Given the apparent “de-emphasis” of the print yellow pages on the new company website, one of the questions I asked SuperMedia (formerly Idearc) CEO Scott Klein is how central the yellow pages are to its business going forward. He said some interesting things that both affirmed the YP part of the business and suggested the company was more aggressively diversifying as well.
“Clearly we’re turning up the heat on our online and our direct mail offerings,” said Klein. “Yellow pages will continue to be a very important piece of what we’re doing and it will be for some time to come. But we’ve made good progress on the other revenue streams.”
The company is selling three types of ad products:
- Print directory
- Online listings/ads/etc.
- Direct mail
Klein made the point that the company had “re-engineered” various processes associated with its online offerings. “Our customers can now use a watch instead of a calendar,” explained Klein. He’s referring to the length of time from when an order is placed to when it goes live online
In discussing how the company thinks of itself he reiterated a point made before that SuperMedia is positioning itself as an advertising agency and not simply a YP publisher.
I asked him what would happen to the “SuperPages” brand. Klein told me it would be sticking around. Super becomes the umbrella label that ties the company’s products together.
I asked about how the “Super Guarantee” was doing. Klein said that the program had exceeded expectations and was helping drive usage.
“We’ve seen meaningful spikes in registrations and healthy improvement in possession and usage.” He said that the company uses Gallup to measure possession and usage and that in “90% of measured markets; possession and usage are up in double digits.” Klein added that call tracking numbers indicate increased call volumes from the print directory.
The “second iteration” of the Super Guarantee ad campaign will begin to air in March.
I presented Klein with the new conventional wisdom (reflected in this Financial Times piece) that print is dead, etc. and asked him were the reps seeing this attitude in the field. While he agreed that this attitude is pervasive he said that the third party research they present (e.g., Gallup) “is irrefutable.”
According to Klein the reps are incentivized (sorry) to make multi-product sales and may lead with different products in different markets and verticals. He pointed to mobile as being something that the company could sell to restaurants and its EveryCarListed auto site as a foot in the door for auto dealers that didn’t exist for the company previously.
“An unanticipated byproduct [of EveryCarListed] is we can sell them other stuff. Some of these guys that had abandoned YP are now interested,” explained Klein.

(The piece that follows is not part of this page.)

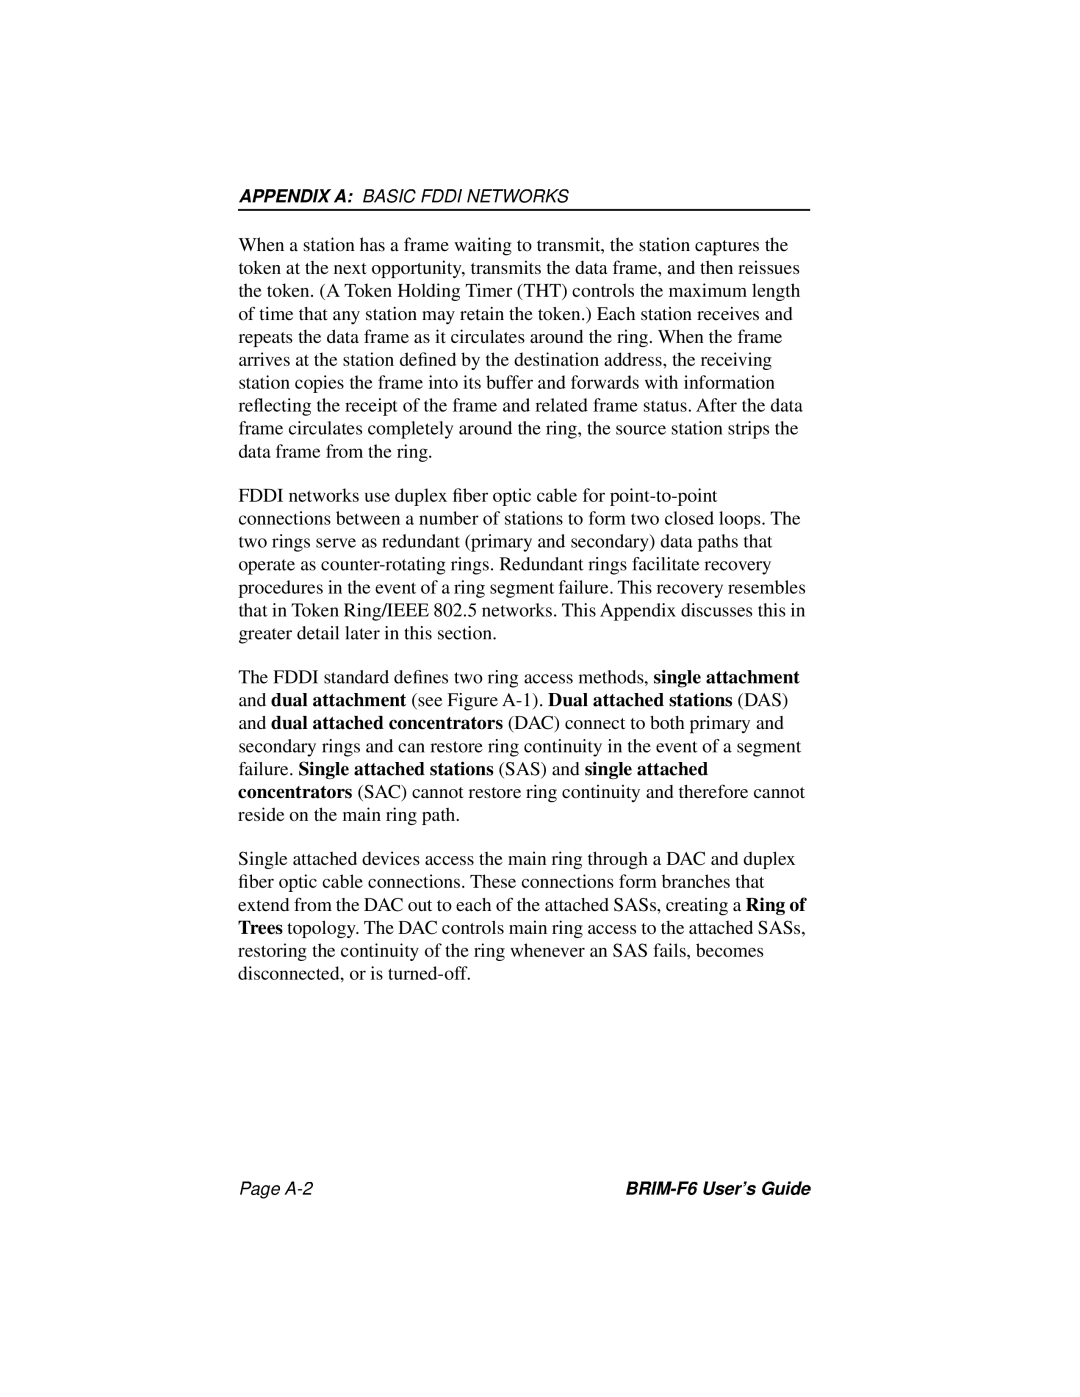 Cabletron Systems BRIM-F6 manual Appendix A Basic Fddi Networks, Page A-2

Asked about the company’s mobile performance, Klein said “All my expectations have really been exceeded.” He added that the usage frequency the company is seeing is greater on mobile than online.
I asked whether the company would be going into more verticals such as EveryCarListed or make comparable acquisitions in vertical segments. Klein said that it was “likely” that there would be additional vertical efforts and some “small acquisitions.” (There are plenty of small companies in the local segment.)
One larger question to ask is whether the “yellow pages” brand continues to be viable over time. SuperMedia isn’t using that term obviously but it’s otherwise closely linked to the print directory.
What do you think? Is it time to ditch the “yellow pages” brand?